Aim of the exercise => Please repeat the data exactly. Any picture in it stays out.

Provided data =>
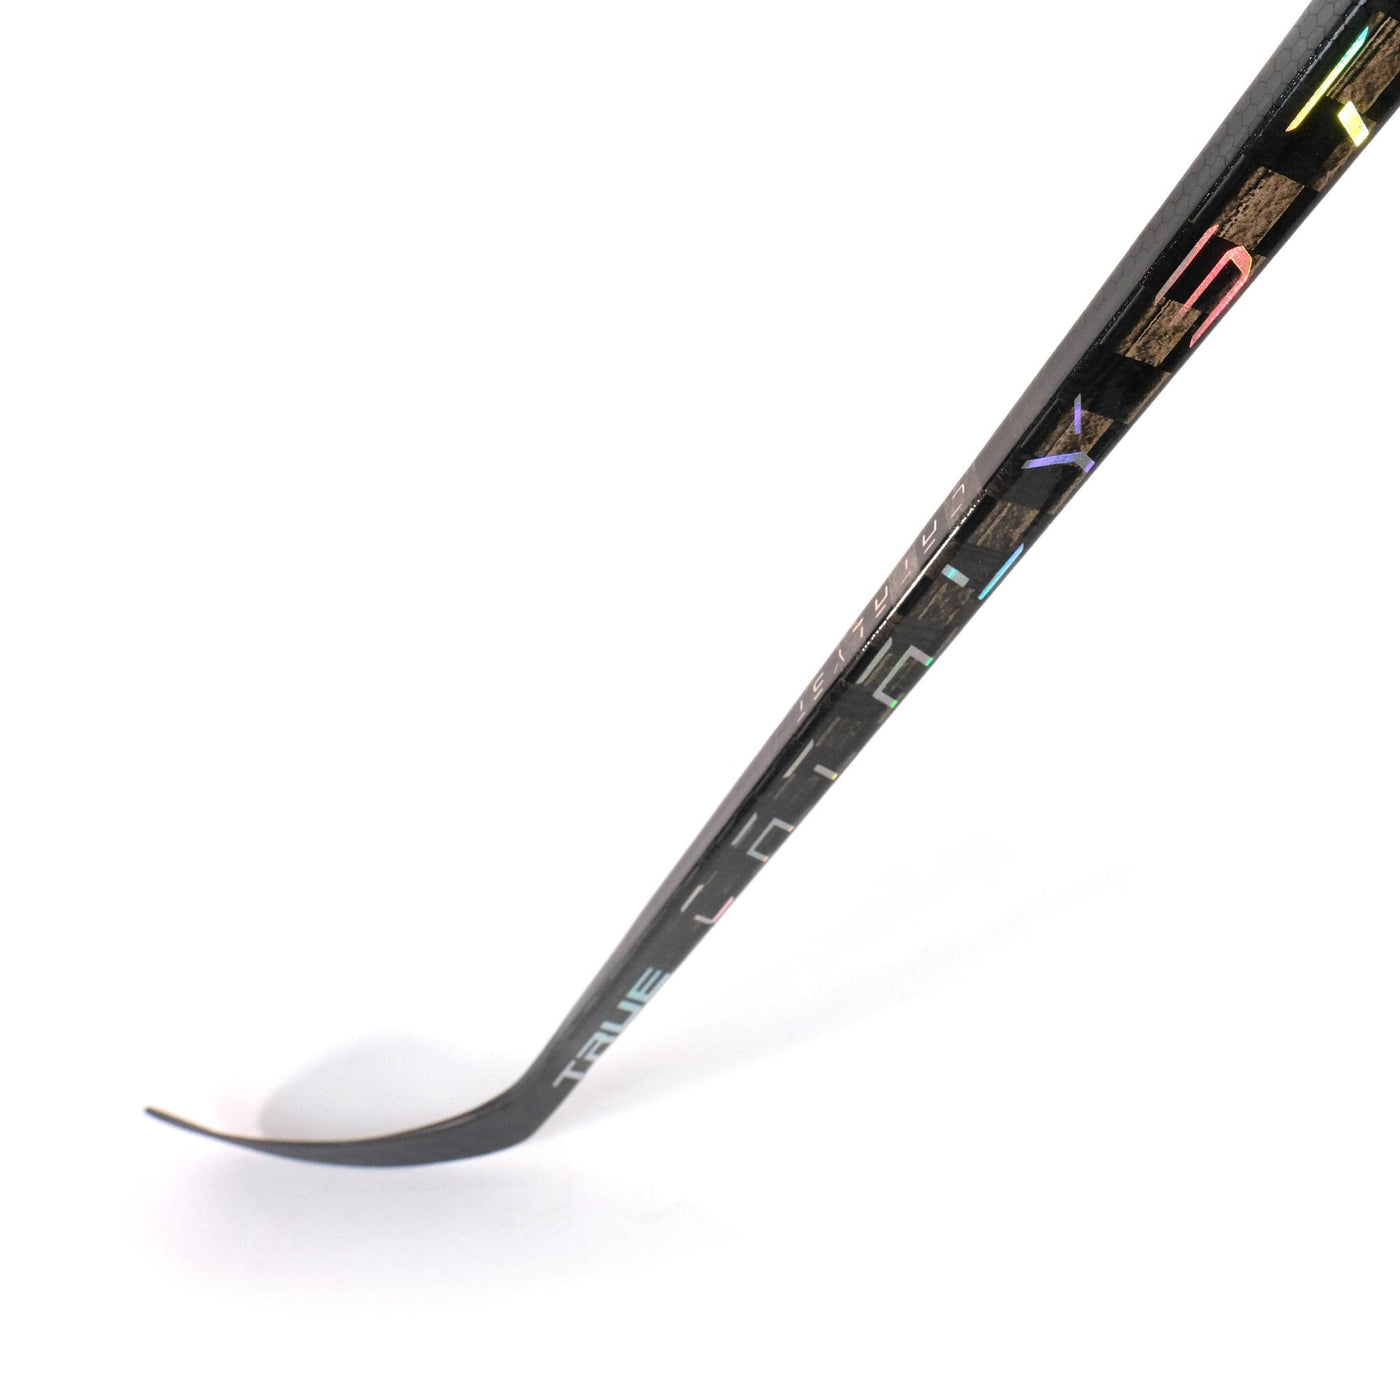 TRUE Catalyst 9X Pro Stock Senior Hockey Stick - Mathieu Joseph #2
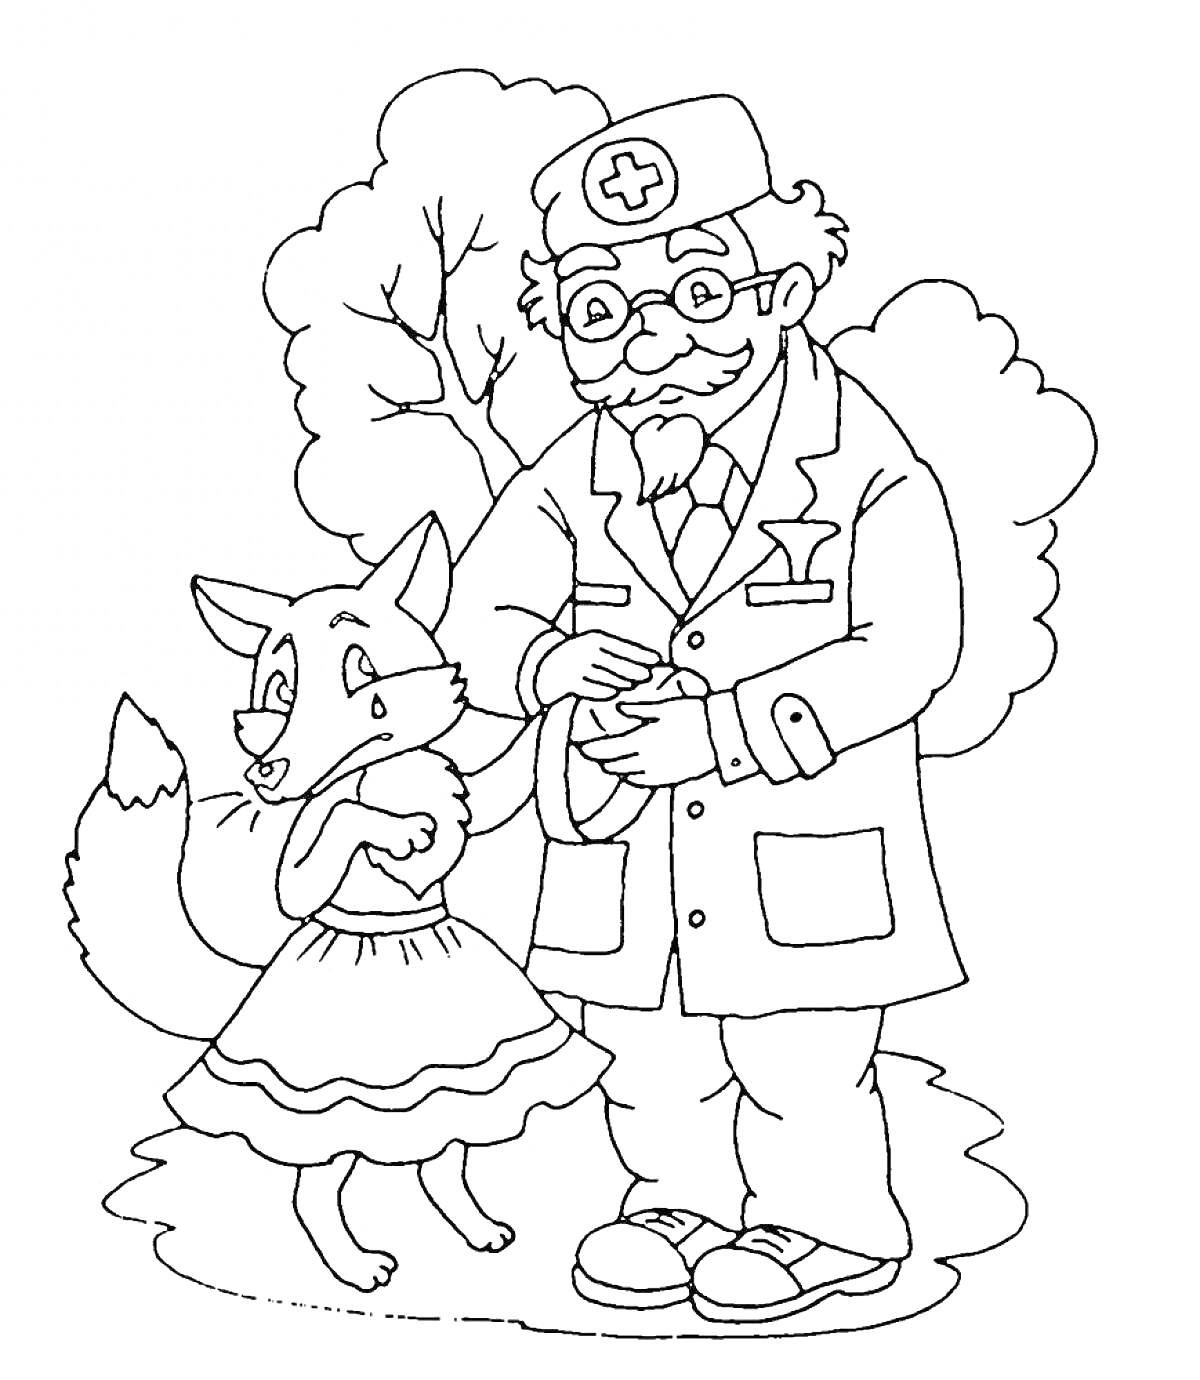 Доктор Айболит и лиса в платье на фоне дерева
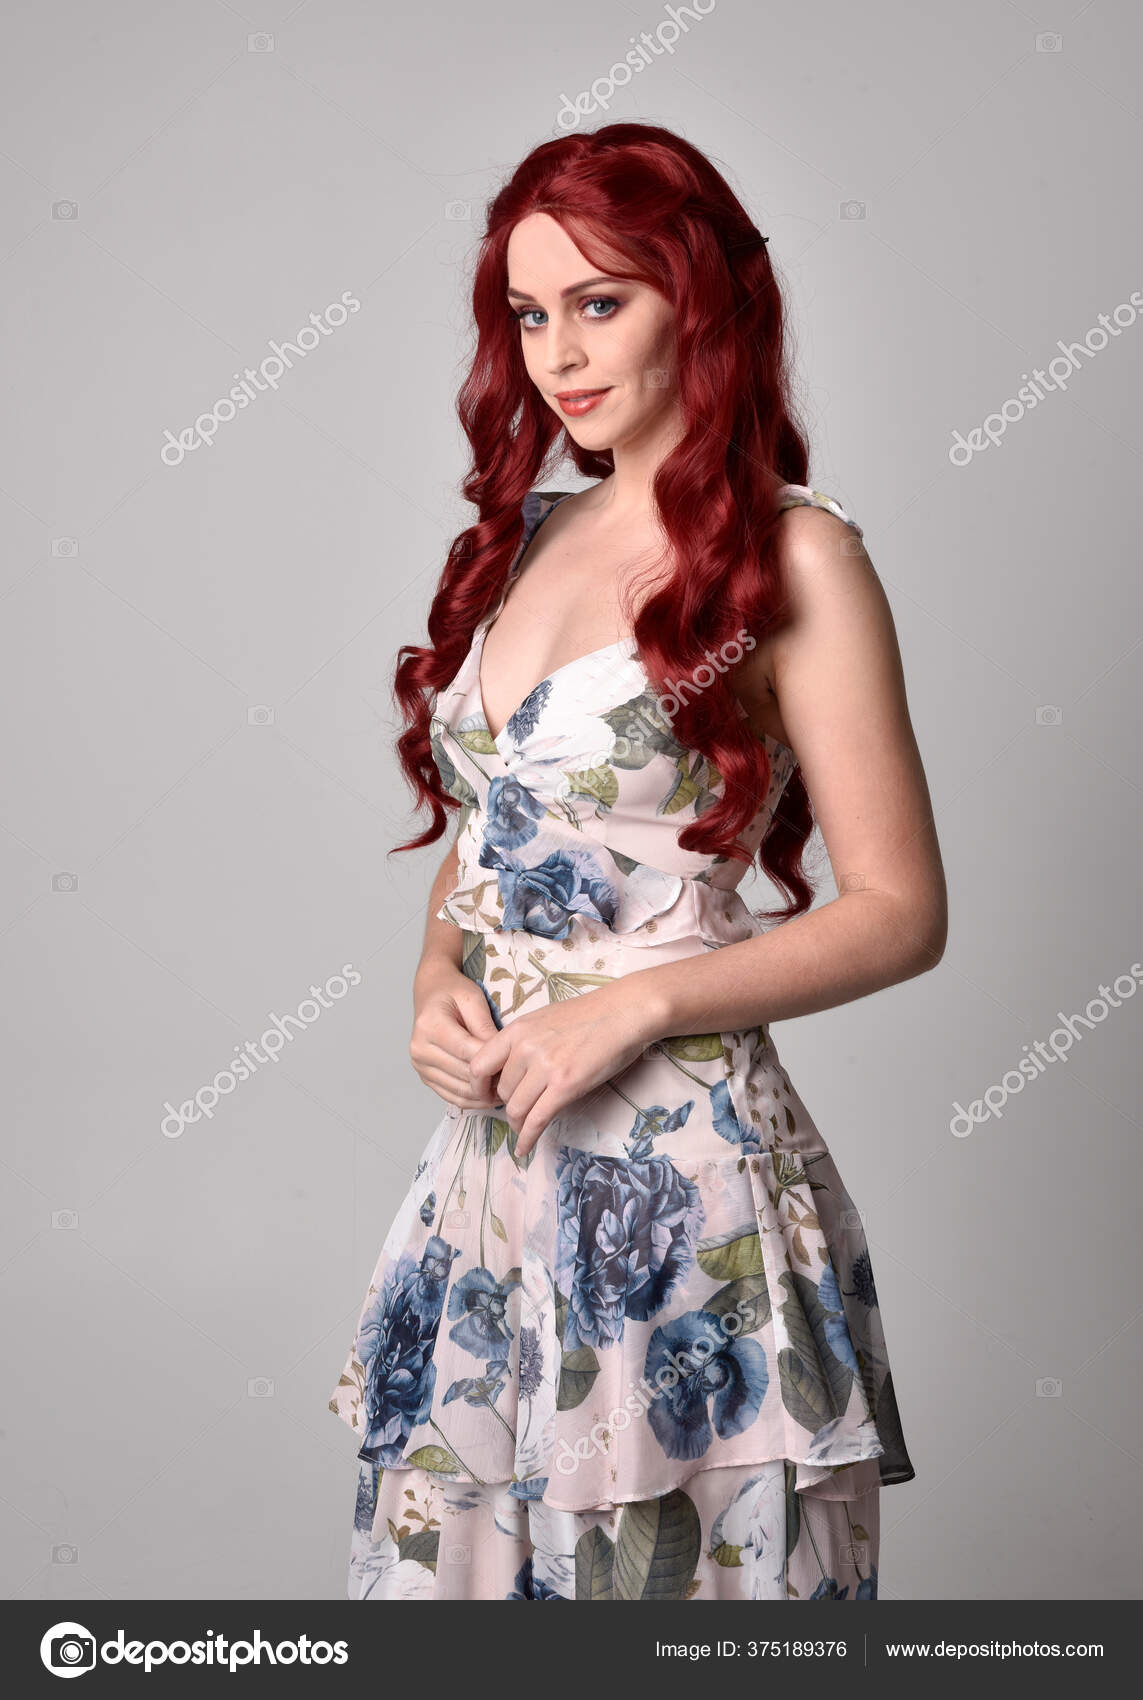 https://st3.depositphotos.com/15952980/37518/i/1600/depositphotos_375189376-stock-photo-portrait-beautiful-woman-red-hair.jpg

Response to this task =>
 TRUE Catalyst 9X Pro Stock Senior Hockey Stick - Mathieu Joseph #2
 Доктор Айболит и лиса в платье на фоне дерева
 https://st3.depositphotos.com/15952980/37518/i/1600/depositphotos_375189376-stock-photo-portrait-beautiful-woman-red-hair.jpg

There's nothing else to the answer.